How Would You Like to Compete With a Royal Wedding?

Spring brides all over Britain have been thrown for a loop by the announcement of the royal wedding of Prince William and Kate Middleton. Once the April 29, 2011 date was set, ordinary women who had already been planning their weddings for the last weekend of April suddenly realized that their wedding would definitely be playing second fiddle to the grand event. What’s an ordinary bride to do when she comes to find out that a royal wedding will be upstaging her big day?
While there is something kind of neat about sharing a wedding anniversary with a royal couple, there are also a lot of headaches associated with it. Brides who had previously selected the April 2011 wedding date which was chosen by Prince William and Kate Middleton are facing an uphill battle to keep their wedding in the forefront of anyone’s mind for that special date. After all, the royal wedding will be a national holiday in England – how many of other women can say that about their wedding dates? The reality is that many of the wedding guests may be wishing that they were watching the royal wedding, when they are attending the one to which they were invited. For that matter, the bride herself may be interested in seeing the royal wedding on television!

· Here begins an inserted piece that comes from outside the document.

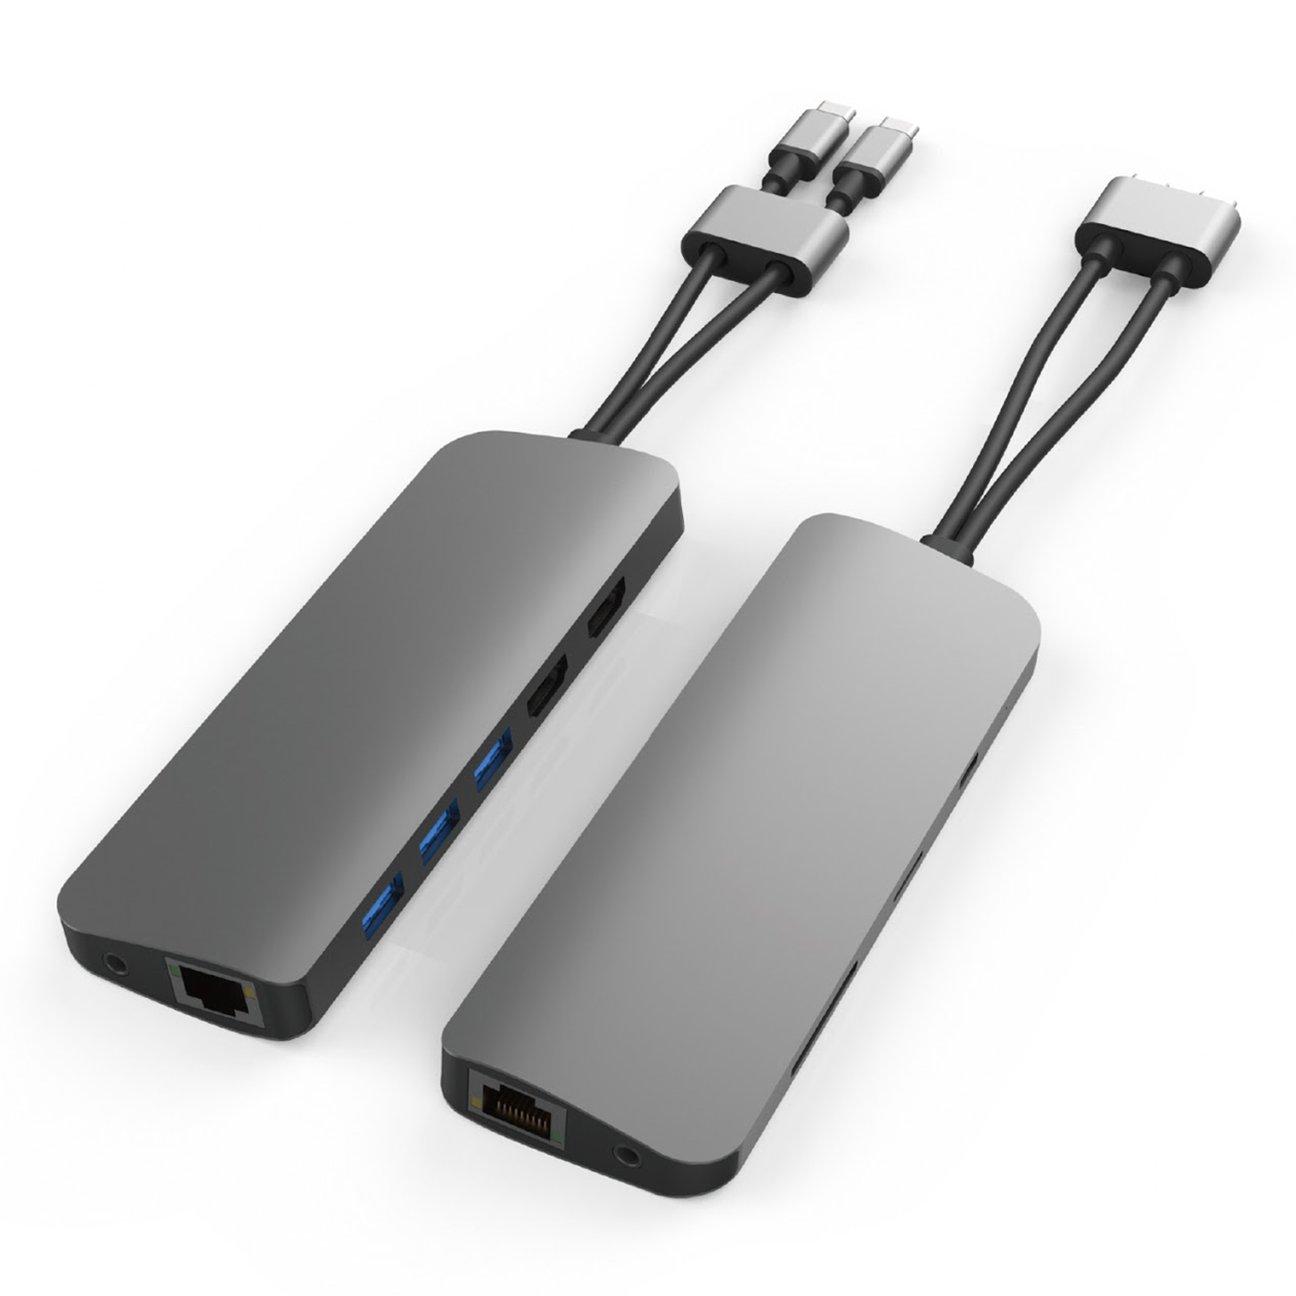 CỔNG CHUYỂN HYPERDRIVE VIBER 10-IN-2 4K60HZ USB-C HUB FOR MACBOOK/IPADPRO/LAPTOP/SMARTPHONE - HÀNG CHÍNH HÃNG

So what is an ordinary bride to do when she realizes that her wedding will be in competition with the wedding of the year? One option is to change the wedding date. That is not as crazy as it sounds, especially for brides who were planning to get married anywhere remotely near Westminster Abbey or on any of the streets in the vicinity. Remember the legions of fans who lined the route which Lady Diana Spencer’s carriage traveled to take her to her wedding to Prince Charles? Surely that kind of scene will be repeated when Kate Middleton makes her approach to her wedding site in her custom bridal gown and royal jewelry, with all of the accompanying security and traffic snarls which you would expect. The ordinary bride who is getting married on April 29, 2011 may well find that just getting to her own wedding is a major struggle.
Of course, not every bride will be able to switch her wedding date, especially if deposits have already been made on the venue and vendors, so there will be plenty of women who share the royal wedding date. In that case, there are essentially two options: to either ignore the fact that there is another, more famous, wedding taking place at the same time, or to really embrace the royal wedding and to celebrate Kate and Prince William’s marriage along with your own. Show a film of Kate and Prince William’s vows at your wedding reception. Name the reception tables after famous places in the royal couple’s life (St. Andrews, Kenya, Westminster Abbey, etc.). Rather than trying to ignore the elephant in the room, embrace it.
Brides who wish to keep the focus on their own weddings despite the shared date with the royal wedding would do well to plan an event in a very different style. Competing with any royal wedding head to head in terms of style is an impossibility for most regular folks, so don’t even try! No matter how fabulous your wedding gown and custom bridal jewelry, they will not be instantly copied around the globe. No matter how happy the bride and groom are, their radiant faces will not be put on commemorate plates or postage stamps. So instead of attempting to put together a celebration with a grand style, go a different direction. Host an ultra-modern cocktail wedding in an art gallery or throw a picnic reception on a lawn out in the country. And of course, take heart that despite all the excitement of the royal wedding taking place on the same day as your own wedding, your family and friends will still be just as happy for you.